=== MATERIAL SUPPLIED ===

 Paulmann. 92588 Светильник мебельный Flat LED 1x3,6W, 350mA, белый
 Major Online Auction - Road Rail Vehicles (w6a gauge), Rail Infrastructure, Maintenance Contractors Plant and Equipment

==

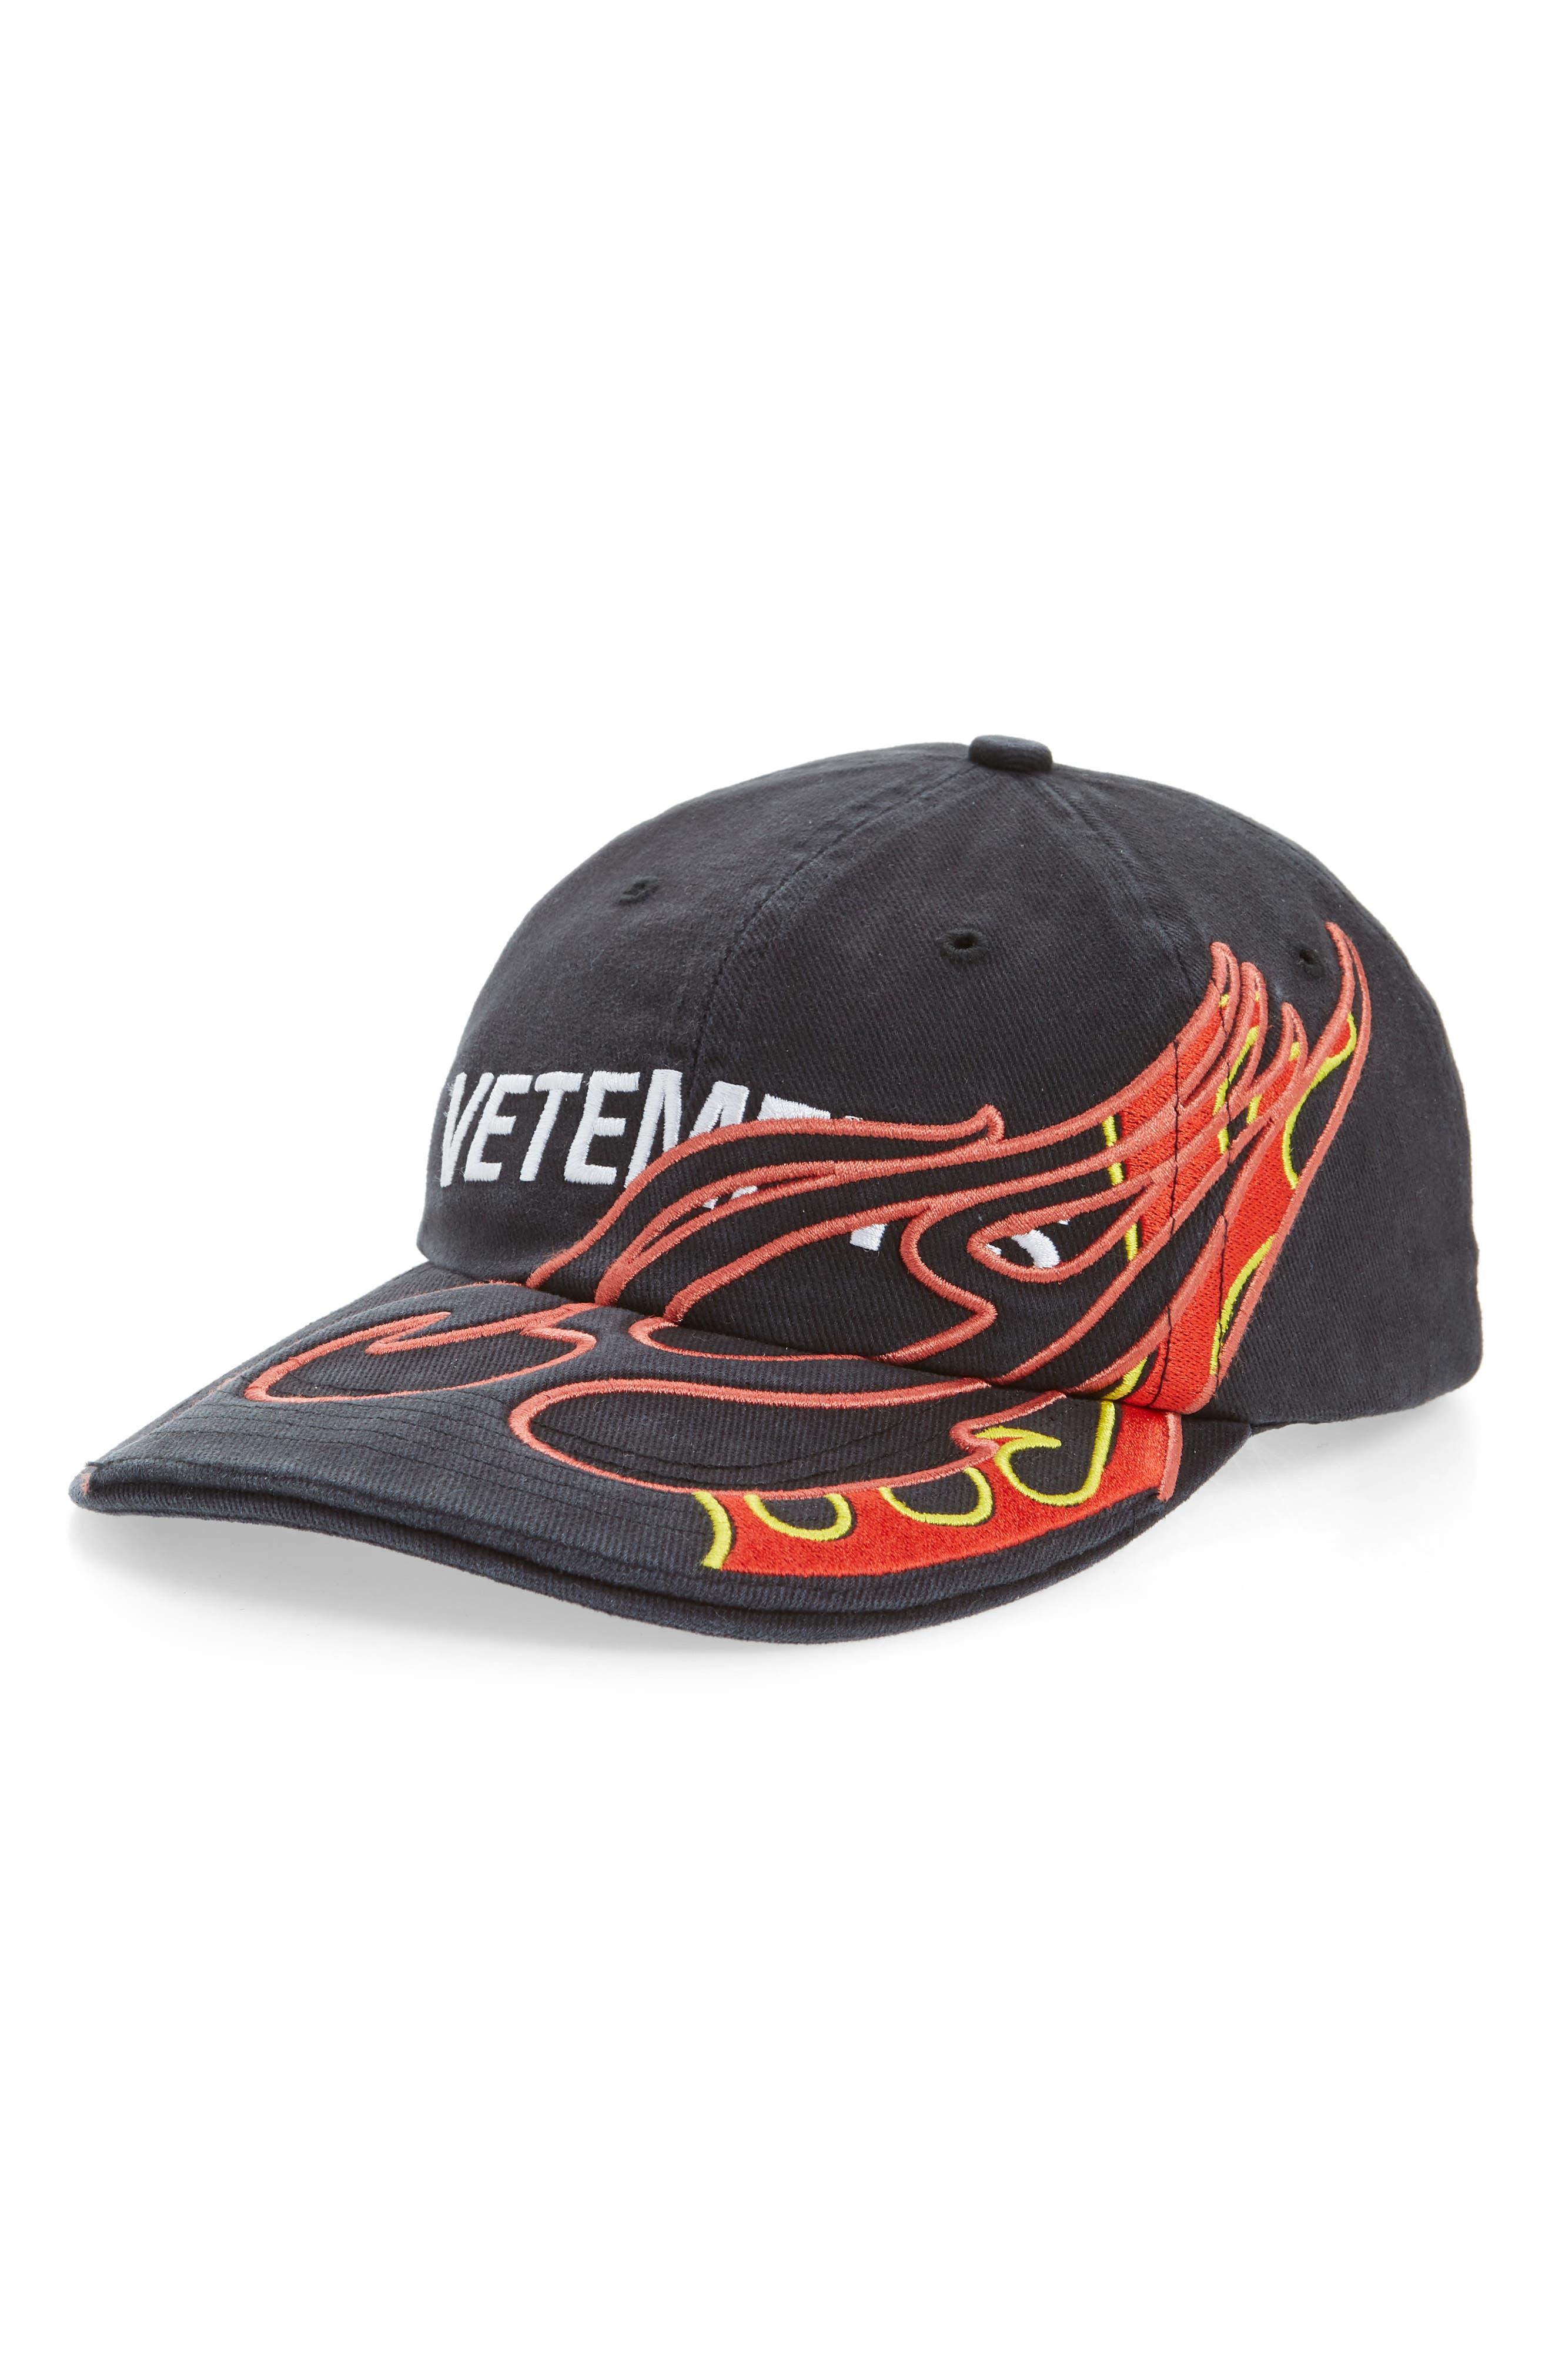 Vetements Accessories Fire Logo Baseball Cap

=== TASK PROMPT ===
The output should be exactly the lines above from the line containing "Paulmann. 92588 Светильник" to the line containing "Major Online Auction", inclusive, with no other lines.

=== ANSWER SPACE ===
 Paulmann. 92588 Светильник мебельный Flat LED 1x3,6W, 350mA, белый
 Major Online Auction - Road Rail Vehicles (w6a gauge), Rail Infrastructure, Maintenance Contractors Plant and Equipment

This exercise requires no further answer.